How old is your daugher by the way?

My 4 y.o wants to cycle in races so we can shout "allez" and "vamos" at her.


----------



## trickletreat (10 Sep 2013)

400bhp said:


> A superb advert for Islabikes too. You should send them pic no.3
> 
> How old is your daugher by the way?
> 
> My 4 y.o wants to cycle in races so we can shout "allez" and "vamos" at her.



Isla knows my daughter and probably still remembers when she cycled away from her the first time she sat her on an Islabike aged three and half, as she was explaining to us how to help her learn to ride! Within two weeks of that she rode ten miles on the Stratford Greenway ...Here is a link to the video of that day..http://www.flickr.com/photos/75046743@N05/9721124890/

She is now eight, and her birthday was the race day. When she returned home she found that her dream came true....her first drop handlebar bike...
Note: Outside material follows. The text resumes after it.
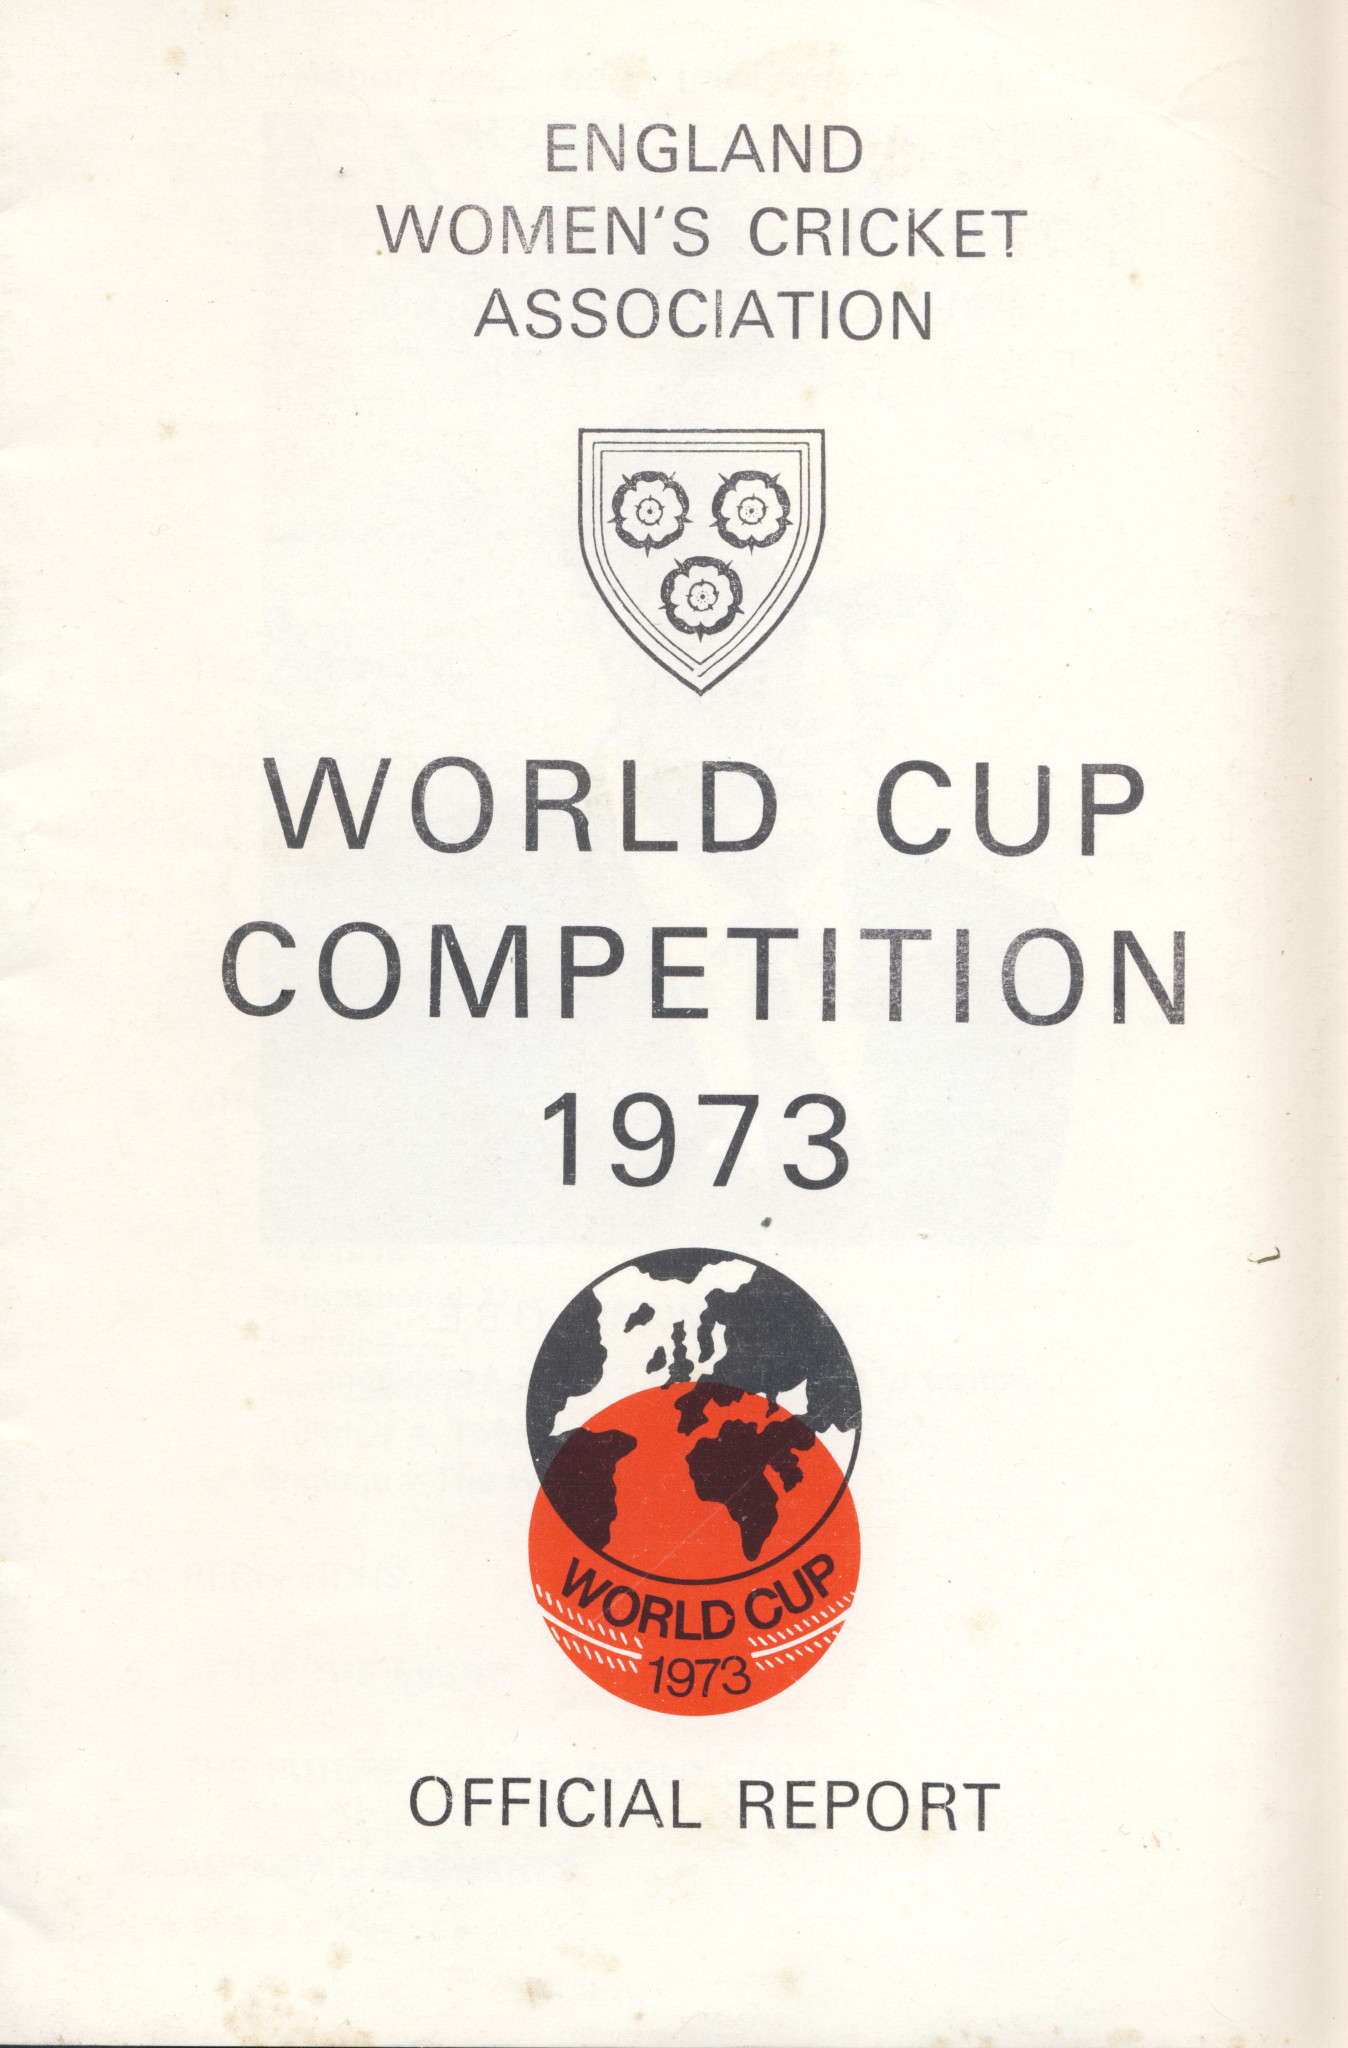 Organisers hoped that the 1973 World Cup would put women's cricket "on the map" ©Women's Cricket Association

IMGP4422 by trickletreat, on Flickr


----------



## atbman (18 Oct 2013)

400bhp said:


> A superb advert for Islabikes too. You should send them pic no.3
> 
> How old is your daugher by the way?
> 
> My 4 y.o wants to cycle in races so we can shout "allez" and "vamos" at her.


 
We've had a couple of 3-yr olds doing 'cross and the West Riding Grass track league, so get her started. It's never too late to disabuse them of the idea that cycling's fun andto introduce them to the idea that it's about pain and suffering (to be pronounced in a broad Yorkshire accent by the way)


----------